For coffee shops, one solution is to raise prices, thereby absorbing this increase in costs.
Gavin explains that The Fields Beneath has increased its prices by 10% in the last 12 months to accommodate higher staff wages, as well as the increased costs of coffee, chocolate, and oat milk – but sales are still very strong.
“We haven’t got a choice,” he says. “Customers can take more than we think in price increases. I might be wrong, but I’ve surprised myself over the last year with how we managed to put our prices up quite significantly, and people are still prepared to pay for that.”
Gavin believes that the coffee industry is terrified of raising its prices. However, with clear communication between baristas and customers, price increases can be managed without affecting sales, and it can relieve huge pressure on the bottom line.
Vegan milks are here to stay
Given these higher costs, many shops add a premium to their vegan milk drinks. However, as they are better for the environment and do not cause the harm that dairy farming does, customers often advocate for coffee shops to remove the surcharge.
Ozone Coffee Roasters have just done this – customers are simply able to swap dairy for a vegan milk alternative.
Ozone’s retail operations manager, Dougal Gordon, says oat milk coffee orders are as common as dairy in the brand’s four east London locations.
With oat milk sales at such a high volume, coffee shops are able to benefit from economies of scale – ordering a larger amount at discounted prices.
The Fields Beneath has oat milk delivered in pallets. “When you’re buying about 1,000 litres at a time, that works,” Gavin says. “If we’re buying 20 litres a day, that would be a really, really big problem – it would add on thousands of pounds across the year and be unworkable.”
He adds that some oat milk brands deliver their product in half pallets, so if coffee stores have the space to take that amount of milk, it’s a great way to manage prices.
However, for coffee shops without the space or sales volume to justify buying a pallet at a time, vegan milks remain a premium product.
Despite this, Gavin believes the future of plant milk in the coffee industry is bright, and that demand for these alternatives will only rise. “First and foremost, people want a milk that’s tasty and good value, and that looks after their health,” he says. “Once they become aware of the downsides of animal products, I don’t see any reason why alternative milk sales wouldn’t continue to increase.”
Indeed, research suggests that vegan milk sales are still on an upward trend. Last year, the total plant milk category grew in sales by 9% to $2.4 billion, while refrigerated oat milk sales exploded, increasing by 37% to $512 million.

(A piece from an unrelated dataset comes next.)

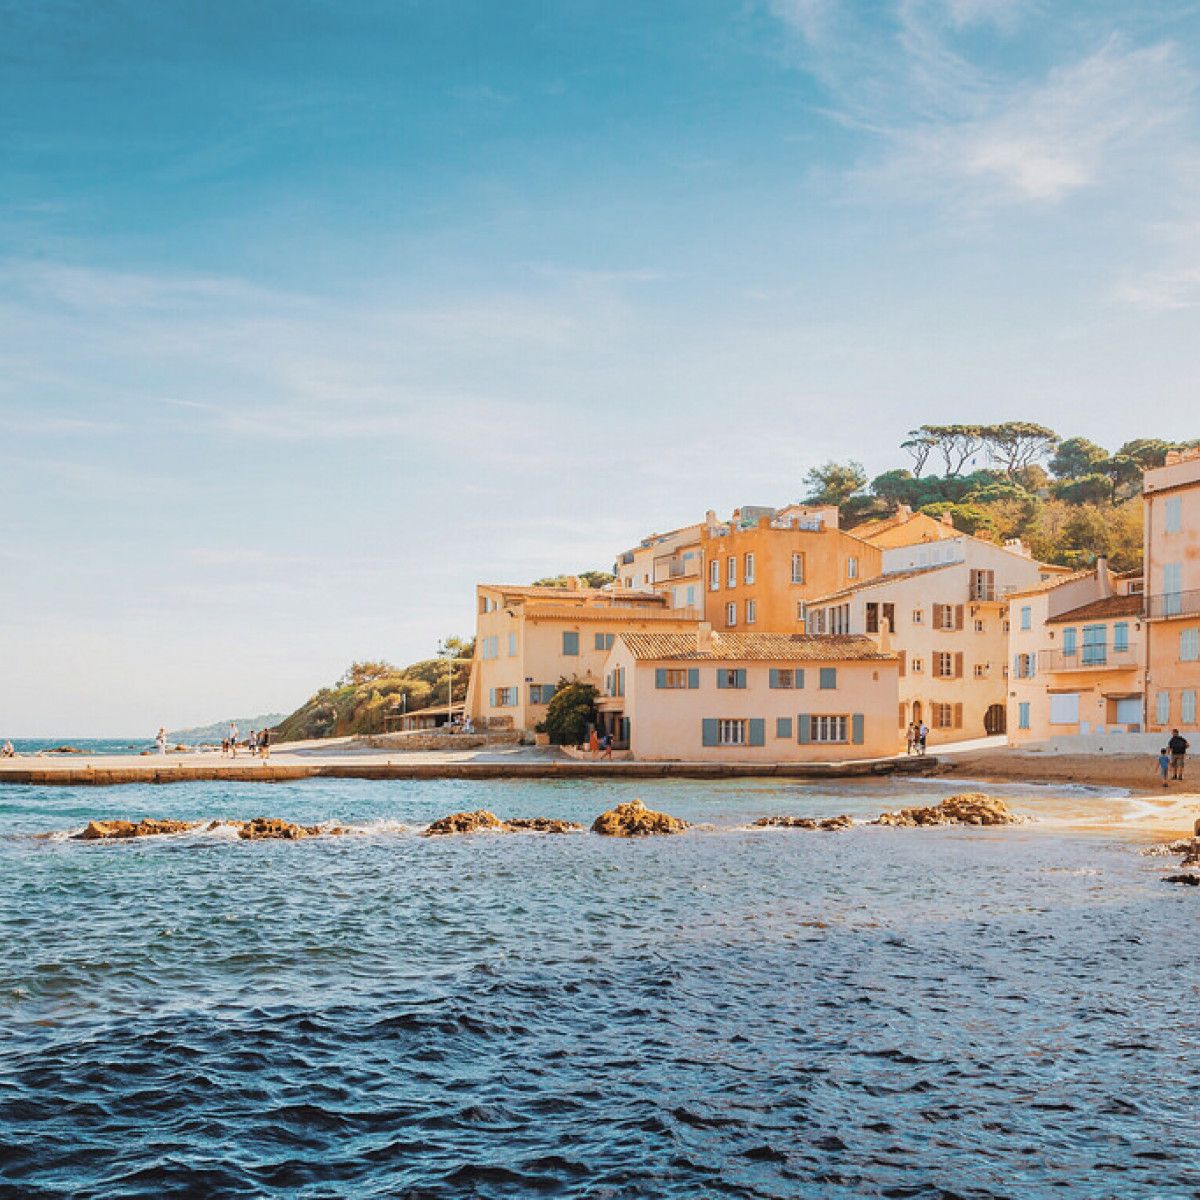 Will Pampelonne Beach St Tropez Ever Rule the World?

And while oat milk’s neutral flavour means it remains popular with coffee, other fruits, nuts, and grains are appearing in the market and can re-energise the sector. For Gavin, as long as it’s a cost-competitive product that’s delicious in coffee, it is worth exploring.
When we look at where the industry was 10 years ago, it’s clear that plant milks have come a long way. An enormous amount of product development and marketing prowess has secured their place in coffee shops across the world. And while a cost-of-living crisis might cause customers to think more carefully about paying more for oat or almond milk, it’s clear that it will take more than that to knock plant milks off their perch.